Fifty years ago as a teenager I arrived at a metaphysical framework that I called electrical point consciousness. I ascribed sentience to every point in the universal EM field. This is in fact what Leibniz did in his youth (around 1670). However, on returning to the problem forty years later I realized that a point in spacetime is no good because it has no dynamic power of its own – it is just a place – and in fact because of Heisenberg uncertainty there may be no real infinitesimal points. Leibniz seems to have realized something similar and shifted from a’physical point’ to a ‘metaphysical point’. A metaphysical point is not one point in space but rather one dynamic individual. It has a point of view but that is not from a point but from an ‘aspect’ that is focused on a domain that is its ‘body’ but continues out to include the whole universe. This is exactly what we see in a quantum wave equation. We have a V term that has no boundaries and therefore covers potentials in the whole universe, but values for V only affect the solution to the equation non-trivially in a local domain often called a ‘wave-packet’. For the modes of excitation that occupy ordered bits of matter the analogy with Leibniz is particularly striking because the values for V for an acoustic mode are tied very tightly to the domain of that bit of matter. Thus if there is piezoelectric coupling the photon field to which a phonon is coupled is tightly restricted to the ‘body’ that vibrates.

 

In other words, like Leibniz I am not cutting out a segment arbitrarily. I am giving the subject a special relation in a domain defined by the wave equation but a notional relation to everything else as well. Also we are not talking of thing-ist content of spacetime but always of relation to a mode. Each ‘I’ is a different mode. Since our brains are not overlapping there will be very little overlap in the domain of non-trivial influence on a ‘you’ and a ‘me’. But of course if we were talking of robots we could probably construct one in which the field of potentials influencing two subjects overlapped.

 

Yes, I think it unlikely that any human subject, in the form of a mode, lasts more than a few milliseconds.

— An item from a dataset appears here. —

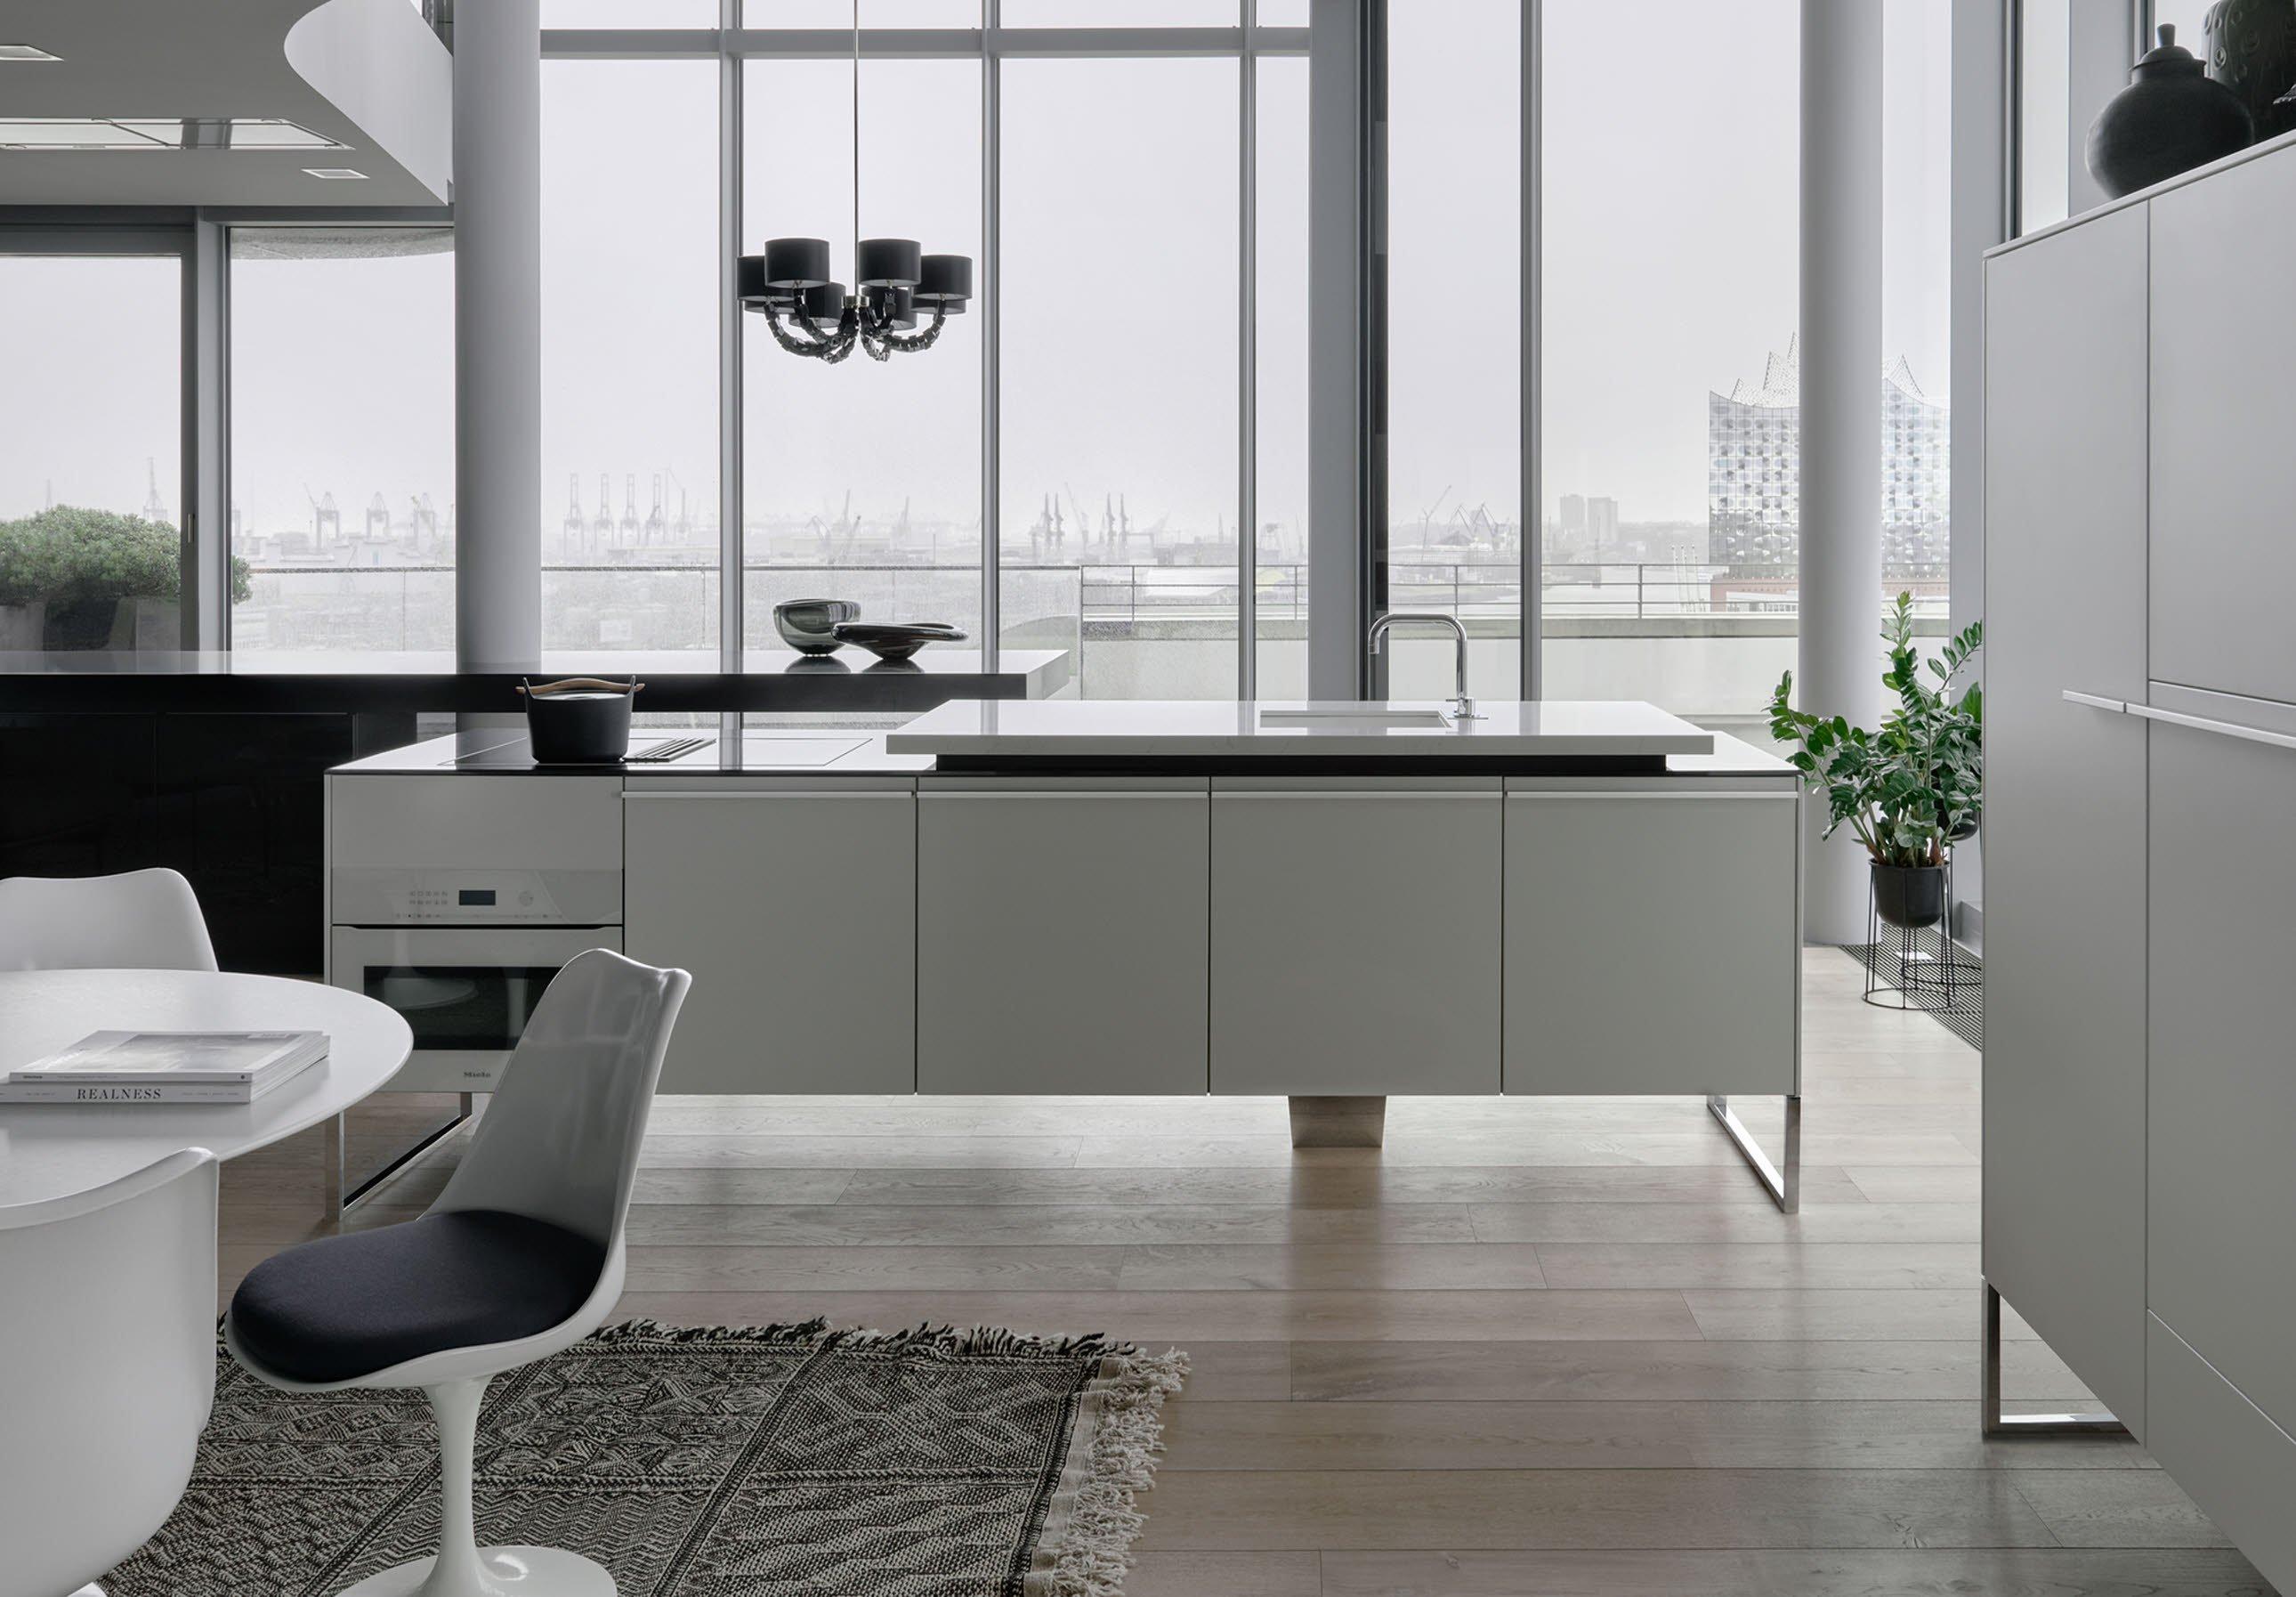 Interieur met multifunctioneel keukenmeubel - kookeiland +VENOVO van Poggenpohl. Design voor elke interieurstijl met stijlvol en zwevend meubel #poggenpohl #venovo #kookeiland #keukeneiland #keukenmeubel #keuken #keukeninspiratie #keukendesign #design

However, there is something very odd about acoustic modes here which relates to their being Bose modes with a wide range of possible energy contents (i.e. with a wide range of possible quantum number for the notional ‘number of particles’). This is where it is very hard to read the metaphysical implications and it might be that we can legitimately treat a neuron as an enduring subject over many years.

 

If you experience typing on a computer my suggestion is that a neuron gets an input of potentials that have a pattern that usefully indicates typing on a computer. The neuron could be in a vat, as long as someone plugs in synaptic boutons that will fire the right pattern of signals. Whether in that situation the pattern would be 'useful' is doubtful but that seems obvious, and an unrelated question. This is why I think functionalism is a dead end. It gets tied up in issues of broad and narrow content and Putnam’s confusions about externalism which arise purely from philosphers not taking care with their words. Before discussing things like RoboMary one has to be very clear what one is meaning by reference and meaning etc etc and to be aware of the ascertainment problems that cloud all statements about what experiences are like.

 

The weasel words in David Chalmers functionalist account are ‘of sufficiently fine grain’. If function is dynamic relation then to get the right experience you would need the right relations – and presumably down to the finest grain there is to get it absolutely right. That ends up with an identity theory that no longer needs to be called functionalism. I cannot see any conceivable reason why events in silicon chips should seem to some mode within anything like what they feel like to modes in neurons, even if one was allowed to make such a comparison. Apart from anything else inputs to the electron modes that support semiconductivity in a computer would only seem to have two relevant degrees of freedom, instead of 40,000 in a neuron.